A distinct shift in wellbore fracture stimulation events has occurred within the Western Canadian Sedimentary Basin (WCSB) over the last 5 years. New designs, commonly referred to as "increased fracture intensity designs," are characterized by an increased number of fracture stages, decreased fracture spacing, and resulting increases in water and proppant required per stimulation. Existing technology applied in increased fracture intensity designs include: Open Hole Ball and Seat technology, Coil Activated sleeves, Plug and Perforating, as well as hybrid designs that combine several technologies.

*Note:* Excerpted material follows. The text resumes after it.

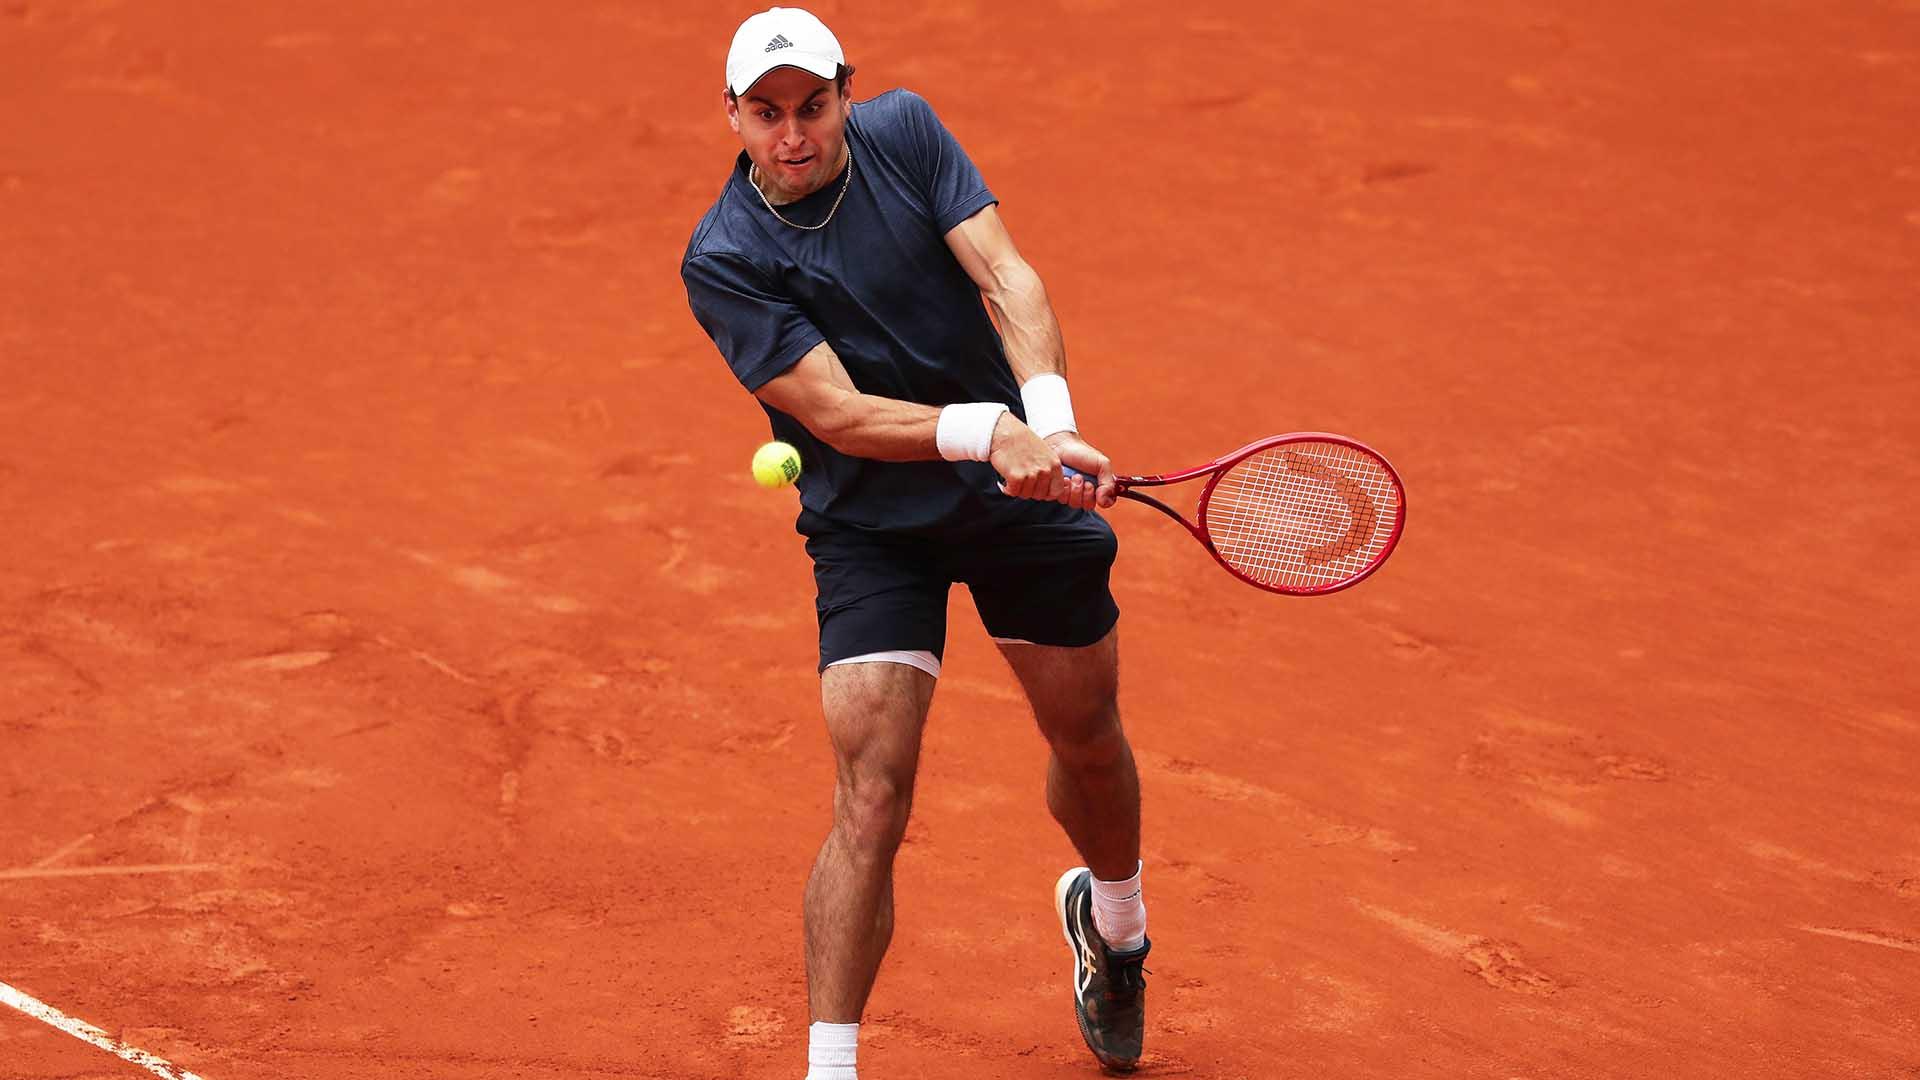 Madrid Open 2021: Diego Schwartzman vs. Aslan Karatsev Tennis Pick and Prediction

Increased fracture intensity designs have contributed to improved production rates and increased reserves and, as a result, have quickly become the preferred approach to hydraulic fracture stimulation of the reservoir. Promising hydraulic fracture designs and decreased spacing designs run the risk of being applied broadly without discrimination.

Without proper retrospective or hindsight, there is a risk of over applying this new approach with false assurances of its success rates. It is therefore important to determine whether and at what point increasing fracture intensity generates diminishing returns.

This paper provides 3 retrospective case studies within the regions of the greater Montney and Cardium formations where increased fracture intensity designs have led to decreased well production as well as decreased reserve allocation. We further examine the various components of increased fracture intensity designs to pinpoint areas where design optimization may have prevented these outcomes.